I’m curious what the real structure of your data is. How do you have millions of records with different dates? you have many records with the same day date in many cases evidently. the consecutive data you want to compare are surveys of what?
I take this opportunity to propose another “toy solution”
grp=IterTools.groupby(isequal∘last ,zip(df.data,df.dates))
ggrp=IterTools.groupby(let c=last(first(first(grp))); x->c= (c-last(first(x))) > Day(1) ? last(first(x)) : c end, grp)
collect(Iterators.flatten([diff(first.(g));missing] for g in Iterators.flatten.(ggrp)))
Another way to get rid of i == length(d) check, and the corresponding branching short-circuit || and ? : operators would be:
t[i]-t[i*(i==length(d))+1] > Day(1)
This assumes t[length[d]]-t[1] > Day(1) which should be the case when at least 2 days are recorded. The resulting expression:
transform(df,
[:data, :dates] => ((d,t)->[abs(t[i]-t[i*(i!=length(d))+1]) > Day(1) ?
missing : d[i]-d[i+1] for i in 1:length(d)]) => :diff)
Maybe a bit more branch elimination would help:
transform(df,
[:data, :dates] => ((d,t)->[ifelse(abs(t[i]-t[i*(i!=length(d))+1]) > Day(1),
missing, d[i]-d[i*(i!=length(d))+1]) for i in 1:length(d)]) => :diff)
@rocco_sprmnt21 Sorry I didn’t think about the size of the DataFrame and the overhead involved. Yes the actual data set contains maybe 10^2 -10^3 data points daily.
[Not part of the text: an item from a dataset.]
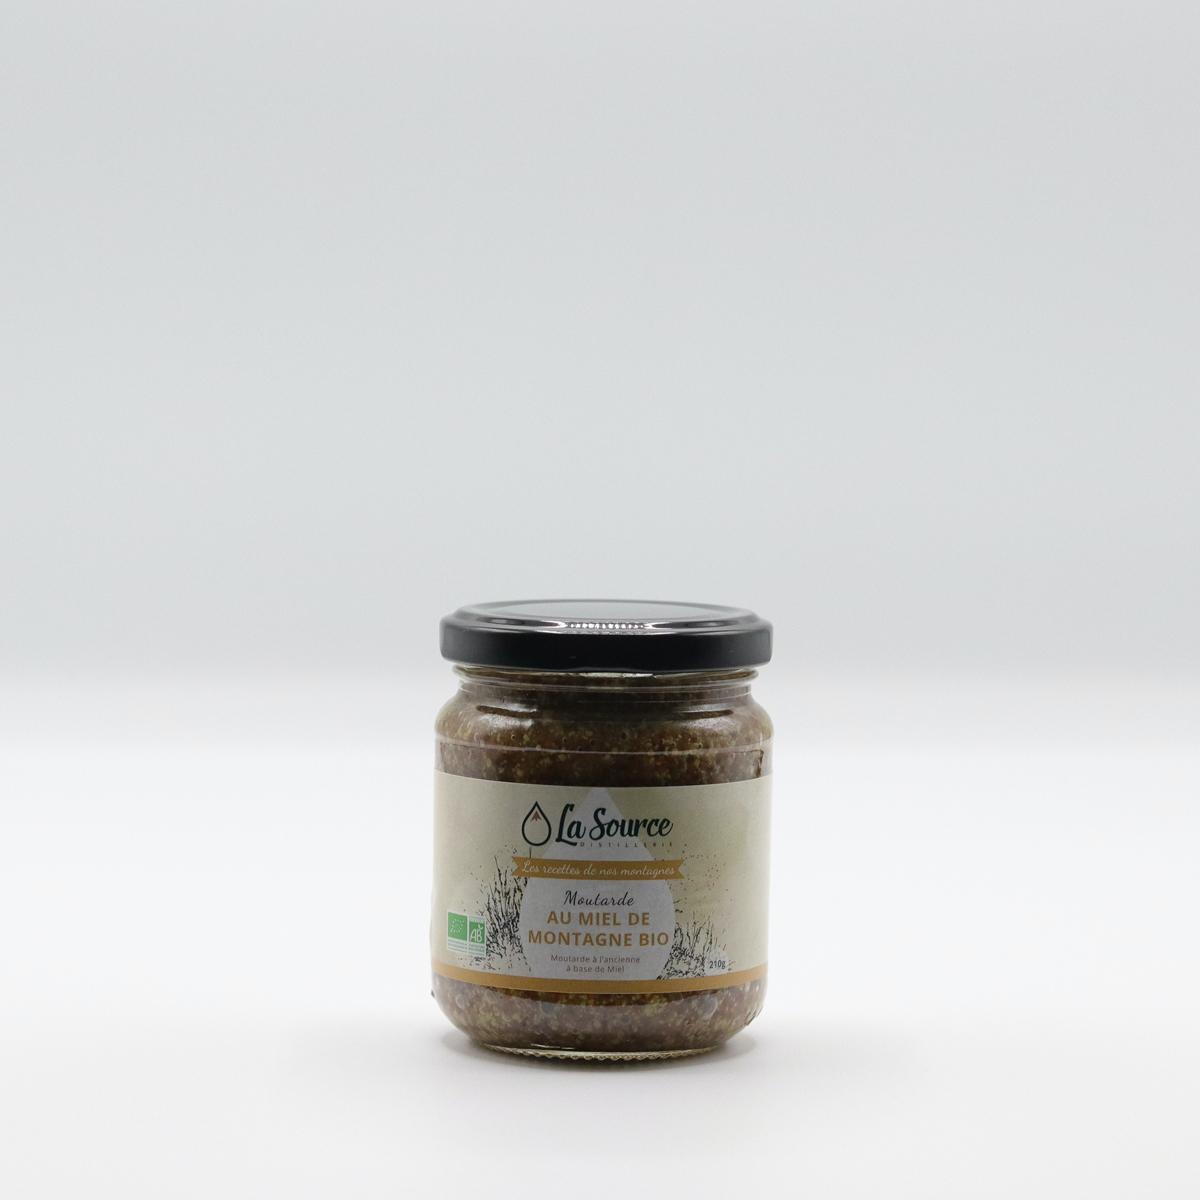 https://www.lasource-distillerie.fr/wp-content/uploads/2021/09/moutarde-miel-de-montagne.jpg

Testing with the following larger DataFramemd1 and md2 are still very close. transform has the same order of magnitude as md1 and md2, but allocates more memory.
dr = Date(2020,1,1):Day(1):Date(2030,12,31)
df3 = DataFrame( data =rand(collect(1:100),10^8),dates = rand(collect(dr),10^8));
sort!(df3, :dates; rev = true);
julia> @benchmark $df3.diff = md2(df3.data,df3.dates)
BenchmarkTools.Trial: 25 samples with 1 evaluation.
Range (min … max): 185.305 ms … 272.337 ms ┊ GC (min … max): 0.00% … 20.56%
Time (median): 194.374 ms ┊ GC (median): 0.00%
Time (mean ± σ): 206.284 ms ± 23.500 ms ┊ GC (mean ± σ): 5.64% ± 8.82%
▄█▄▁ ▁ ▁
▆▁▆████▆▁▁▁▁█▆▁▆▁▁▁▁▁▁▆▁▁▁▁▁▁▁▁▁▁▁▁▆▁▁▁▁█▁▁▁▁▆▁▁▁▁▁▁▁▁▁▁▁▁▁▁▆ ▁
185 ms Histogram: frequency by time 272 ms <
Memory estimate: 858.31 MiB, allocs estimate: 4.
julia> @benchmark $df3.diff = md1(df3.data,df3.dates)
BenchmarkTools.Trial: 24 samples with 1 evaluation.
Range (min … max): 193.103 ms … 245.439 ms ┊ GC (min … max): 0.00% … 22.36%
Time (median): 202.986 ms ┊ GC (median): 0.00%
Time (mean ± σ): 210.611 ms ± 17.124 ms ┊ GC (mean ± σ): 5.66% ± 9.03%
▃ █ ▃ ▃ ▃
▇▁▇▇█▁▇▇█▁▇█▁▁█▁▁▁▁▁▇▇▇▁▁▇▁▁▁▁▁▁▁▁▁▁▁▁▁▁▁▁▁▁▁▁▁▇▁▁▁▁▁▁▁▇▁▁█▁▇ ▁
193 ms Histogram: frequency by time 245 ms <
Memory estimate: 858.31 MiB, allocs estimate: 4.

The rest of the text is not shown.